■ **Raw data**
----------
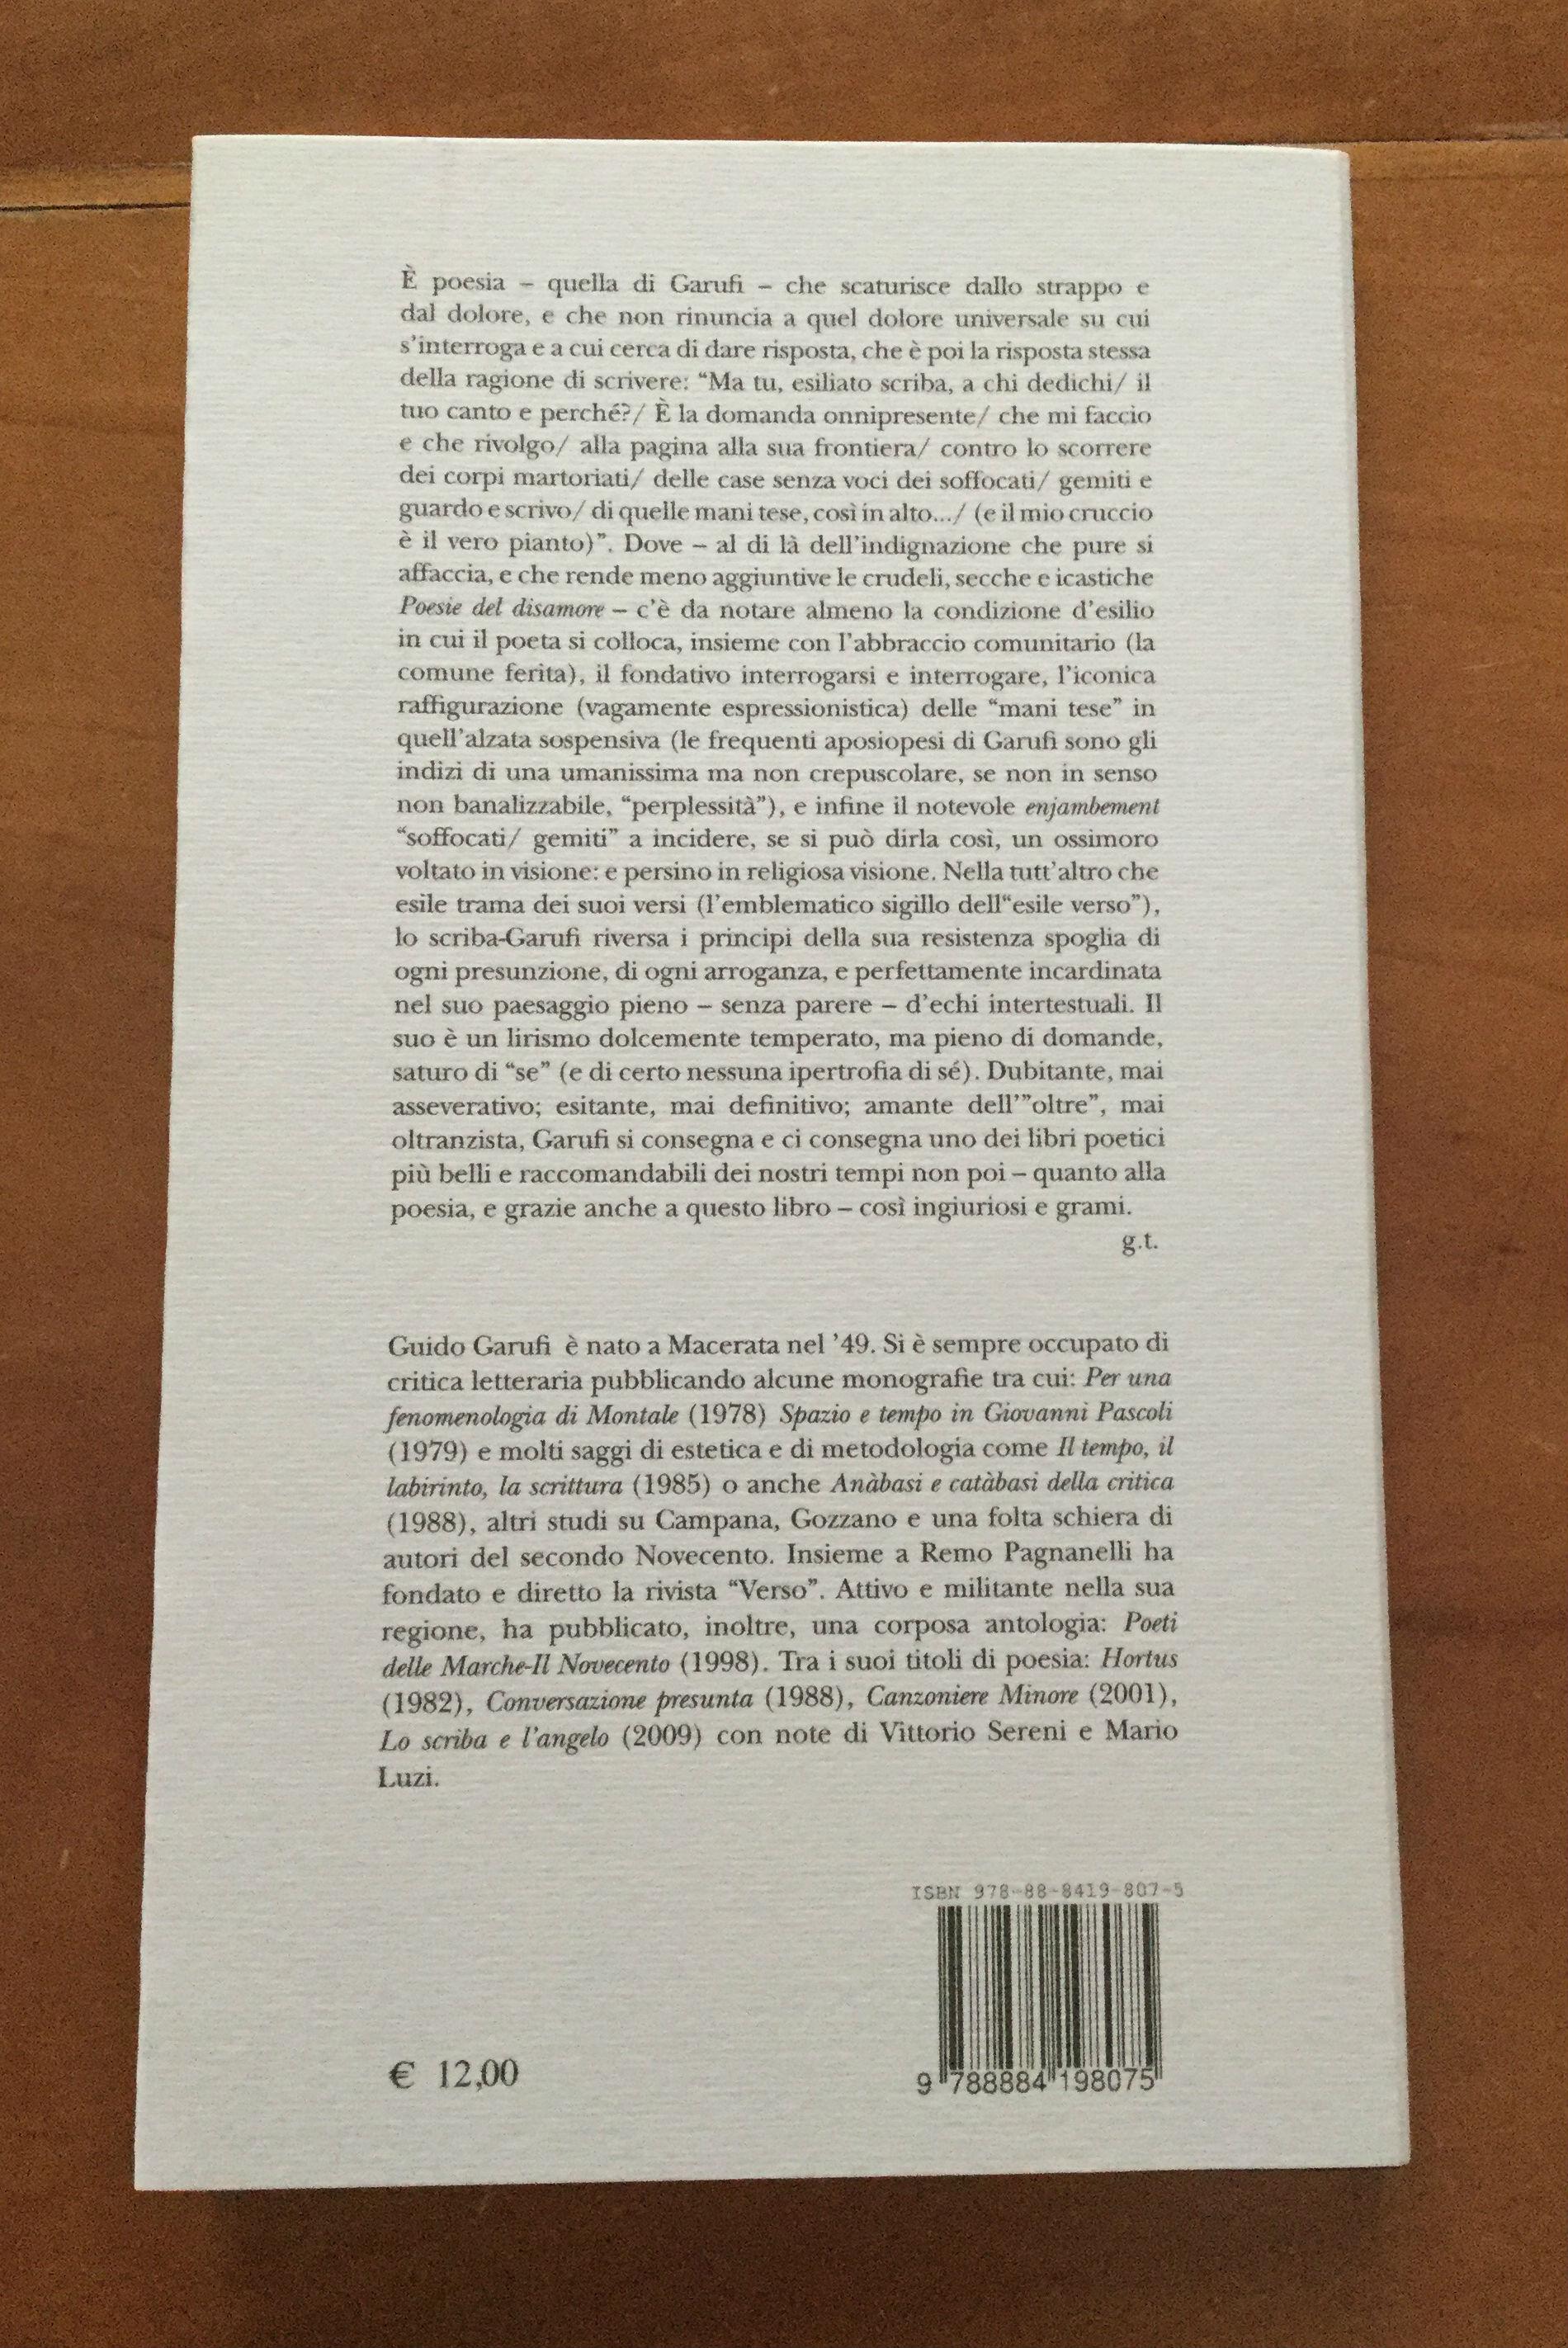 Fabia Ghenzovich Poesia Inedita Nudità Premessa Di Ranieri Teti
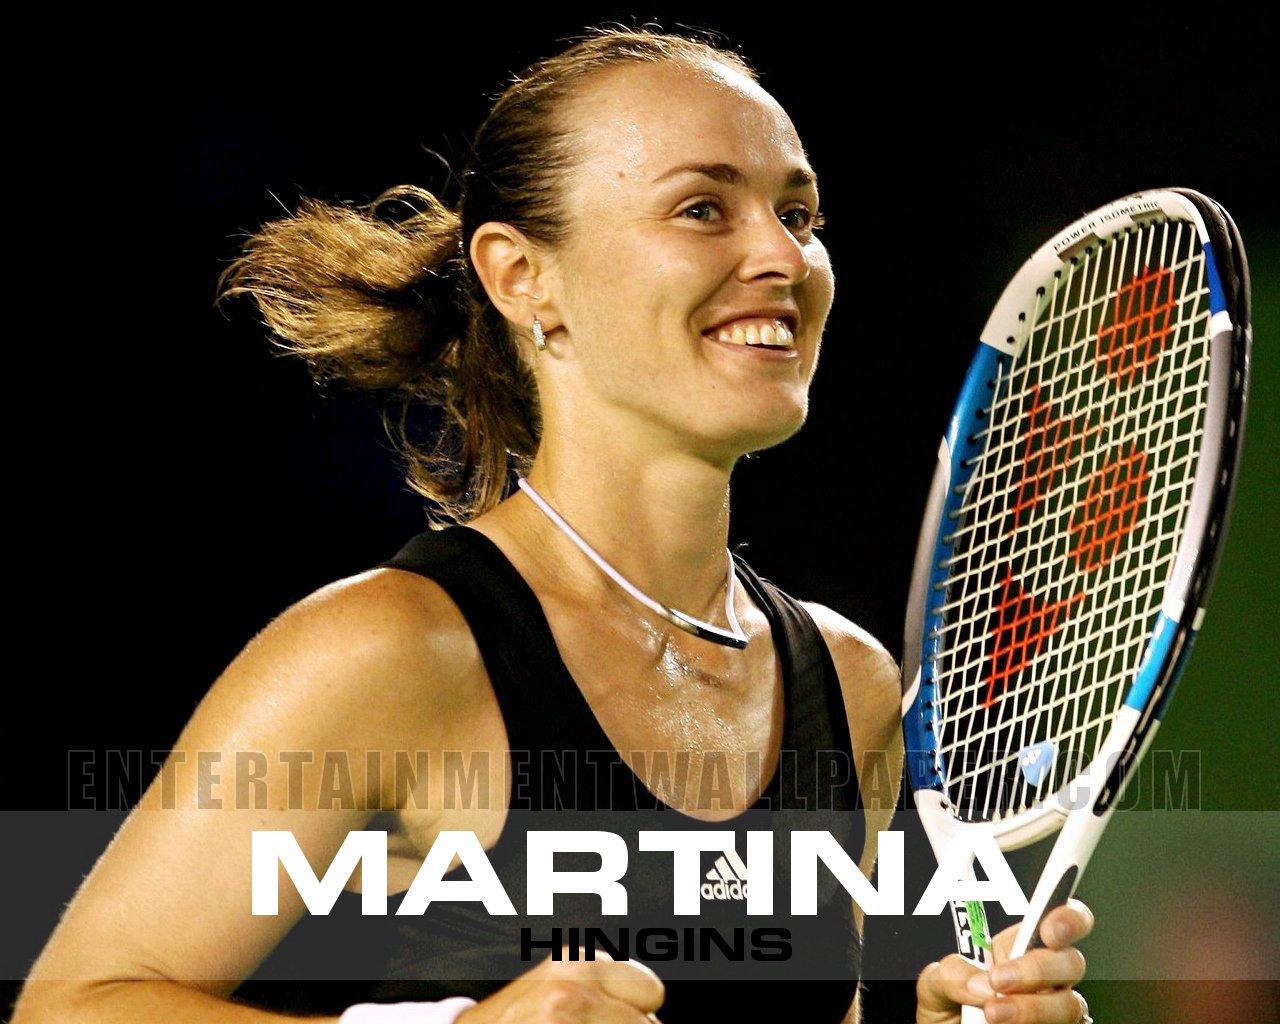 Martina Hingis Wallpaper 4   1280 X 1024 stmednet 1280x1024
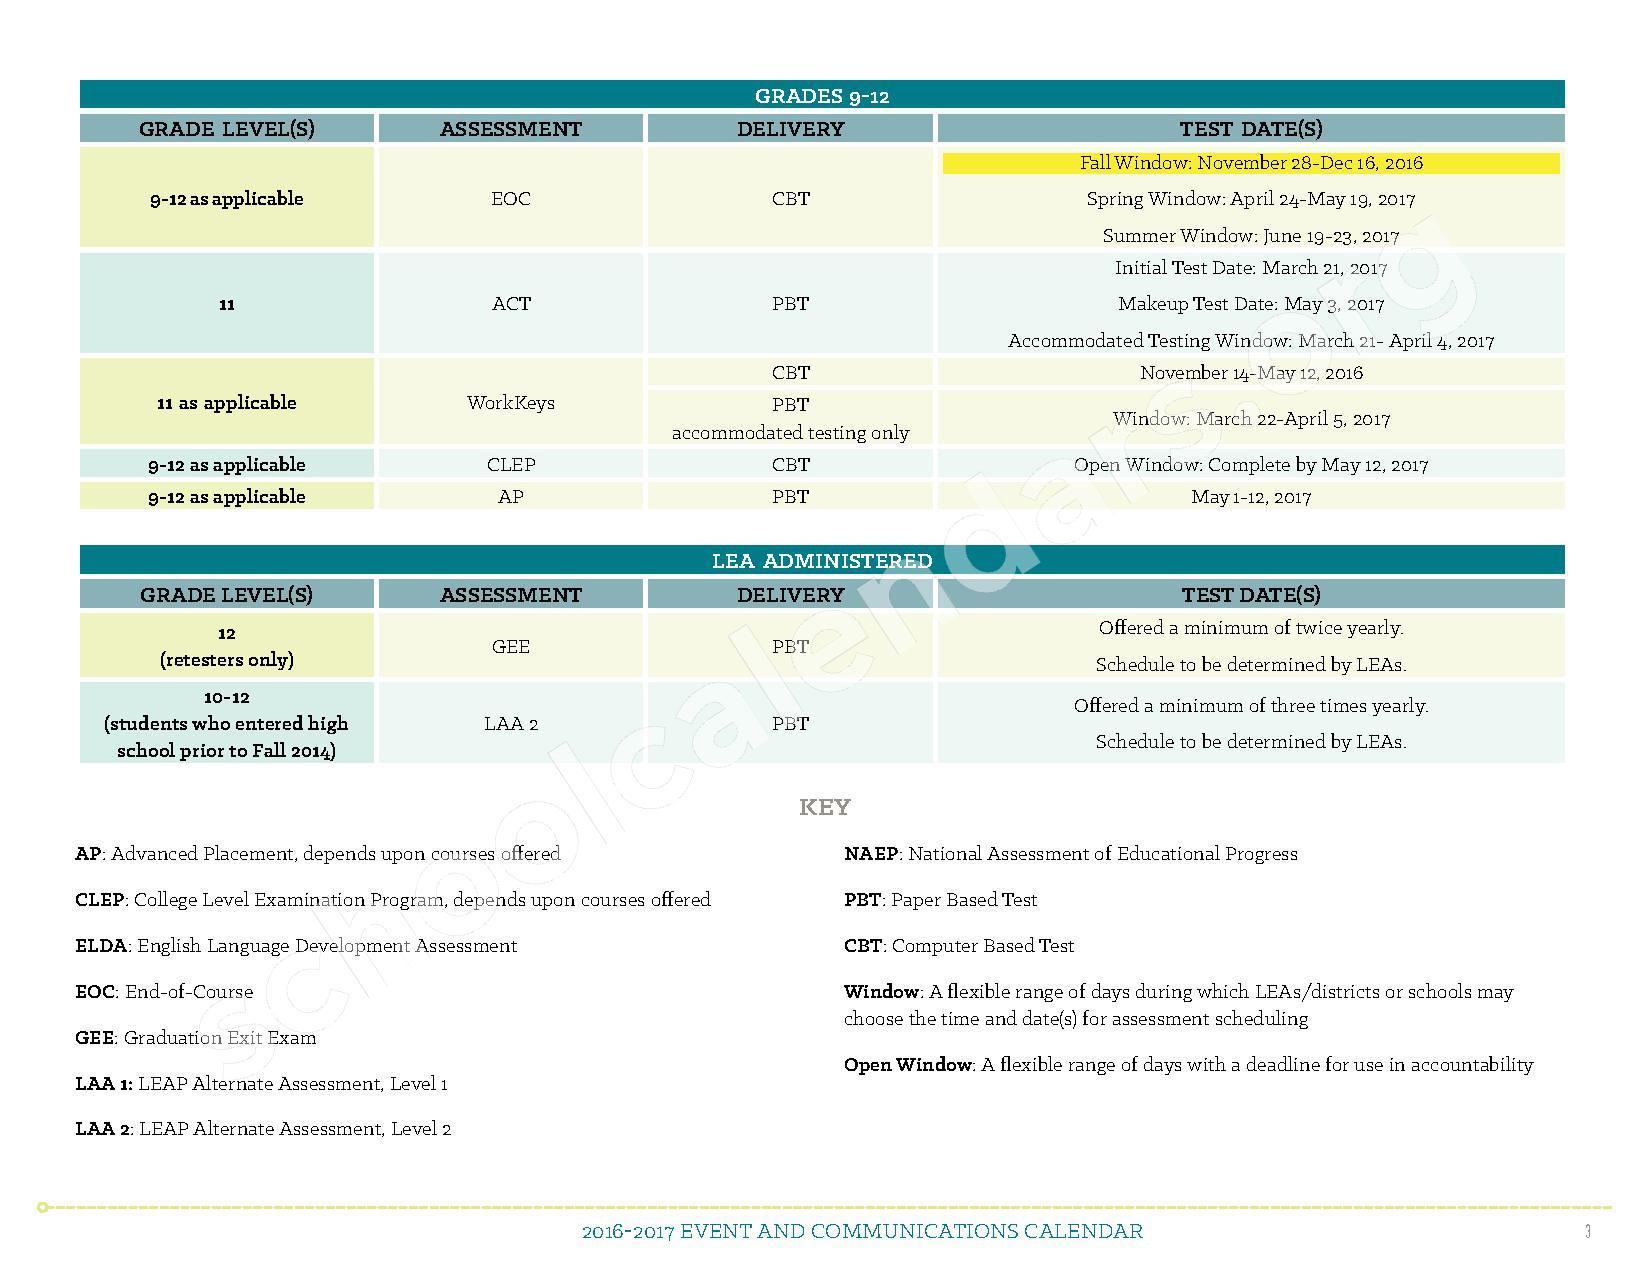 2016 - 2017 Louisiana Assessment Calendar – Alma Redwine Elementary New Vision Academy – page 2
----------
■ **Task goal**
Quote precisely the lines of the data from the line containing "Martina Hingis Wallpaper" through its final line, both included, excluding pictures.

■ **Response to this task**
 Martina Hingis Wallpaper 4   1280 X 1024 stmednet 1280x1024
 2016 - 2017 Louisiana Assessment Calendar – Alma Redwine Elementary New Vision Academy – page 2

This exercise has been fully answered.